Sociodicées de l’(im)mobilité et sphères d’appartenances situationnelles dans un ancien village d’émigration de Shenzhen

Séminaire coordonné par Isabelle Thireau, « Normes sociales et légitimité en Chine contemporaine »

Les habitants de l’ancien village d’émigration de Fort-les-Pins, aujourd’hui un quartier de Shenzhen, déploient deux types d’évaluation morale des destinées des émigrés et de ceux qui ne sont pas partis. Je propose de les concevoir comme des « sociodicées ». Dans la première, ce qui prévaut est une théorie qui valorise à posteriori la « décision » de rester et qui place l’accent sur l’avènement de la prospérité comme une récompense morale. La seconde met l’accent sur l’habituation à un mode de vie étranger et justifie ainsi la distanciation réciproque entre locaux et émigrés ou descendants d’émigrés. L’analyse de ces deux types de récit conduit à aborder les évaluations changeantes des appartenances locales et globales du point de vue des locaux membres du village et du lignage et selon une perspective qui cherche à se défaire de tout nationalisme méthodologique. Des expériences divergentes de l’(im)mobilité modèlent des sphères d’appartenance situationnelles et changeantes : l’une est partagée entre les villageois et leur diaspora contre l’Etat; une autre différencie les locaux et l’Etat de la diaspora, du fait à la fois de leur traditionalisme supposé et de leur « acculturation ». Et pourtant, une troisième sphère d’appartenance se dessine, centrée sur la communauté locale elle-même, dont les membres valorisent un mode de vie modeste à l’encontre de celui des entrepreneurs hyper-mobiles, qui sont valorisés dans le discours étatique sur l’esprit d’entreprise et le patriotisme diasporiques.

  • Vendredi 8 février 9h-13h, EHESS, salle A07_51, 54 boulevard Raspail 75006 Paris

 

Relation diasporique et transformations d’un village globalisé, Shenzhen, Chine.

Séminaire coordonné par Olivier Marichalar et Simeng Wang, « La Chine contemporaine : l’apport des sciences sociales »

L’enquête menée à Shenzhen porte sur la relation diasporique changeante entre un ancien village lignager de Chine méridionale et ses émigrés et descendants d’émigrés, en Polynésie française et ailleurs dans le monde.

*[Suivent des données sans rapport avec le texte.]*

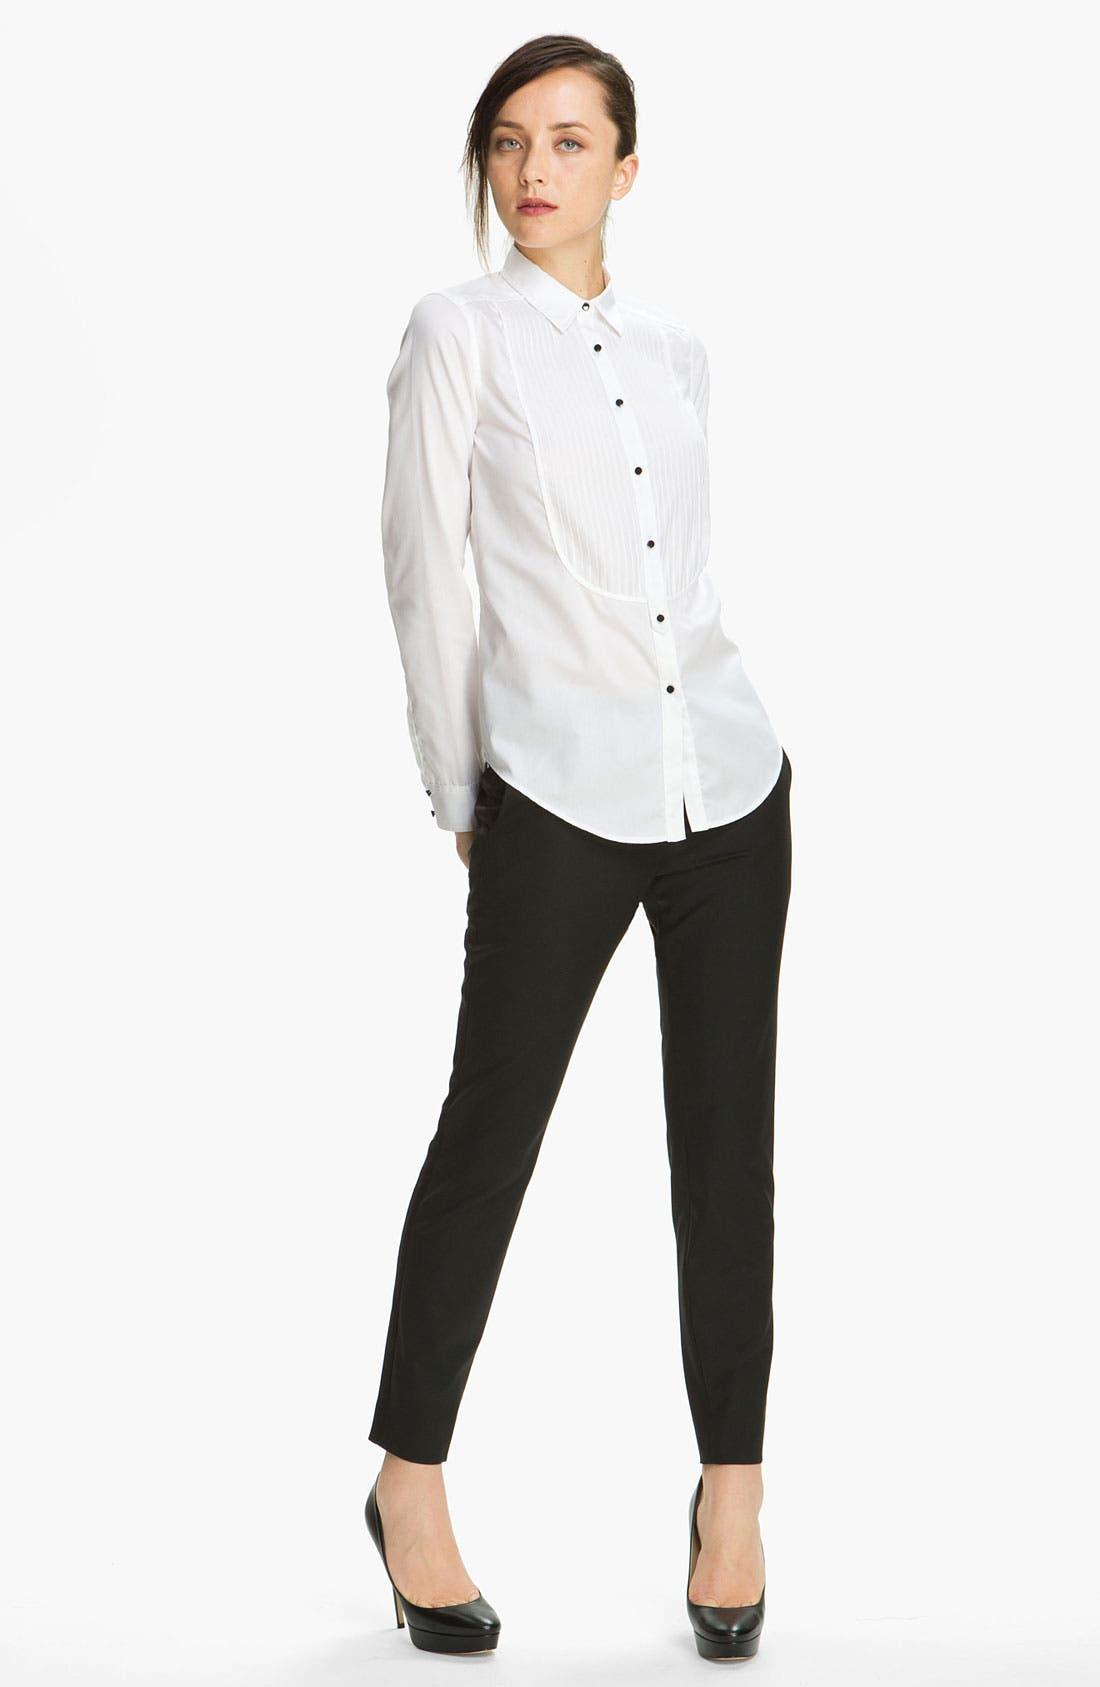 Alternate Image 1 Selected - Elizabeth and James 'Carter' Tuxedo Shirt

Elle rend compte de l’affaiblissement de cette relation, en même temps que de la persistance de liens moraux, affectifs, et symboliques, dans la Chine de l’ère des réformes et de l’ouverture. La création de Shenzhen, la plus ambitieuse des Zones économiques spéciales chinoises, a été, à partir de 1979, le signal de l’ouverture chinoise aux capitaux de l’étranger et le laboratoire des réformes économiques et sociales. Cette réouverture s’est accompagnée de reconnexions entre les localités d’origine et la diaspora, encouragée par les autorités chinoises à venir visiter les villages d’origine et à contribuer financièrement à leur développement. Suivant une démarche processuelle, c’est plutôt ici de l’effet en retour de ces transformations sur les relations avec la diaspora qu’il s’agit. C’est donc au prisme de la relation diasporique que sont abordées les transformations du village de Fort-les-Pins, indissociables des changements qui ont bouleversé la Chine au cours des dernières décennies. Devenu administrativement un quartier de Shenzhen, mégapole à la croissance fulgurante, ce « village-dans-la-ville » a vu son paysage et sa population radicalement transformés en l’espace de trente ans. Les habitants natifs de Fort-les-Pins ne sont plus les pauvres paysans dépendants de leurs riches cousins à l’outre-mer qu’ils étaient encore il y a quelques décennies. J’examine comment, dans ce contexte de mutations accélérées, le sens conféré à l’émigration a changé en même temps que la relation à la diaspora.

  • Mardi 9 avril, 15h-17h, salle 4, 105 boulevard Raspail.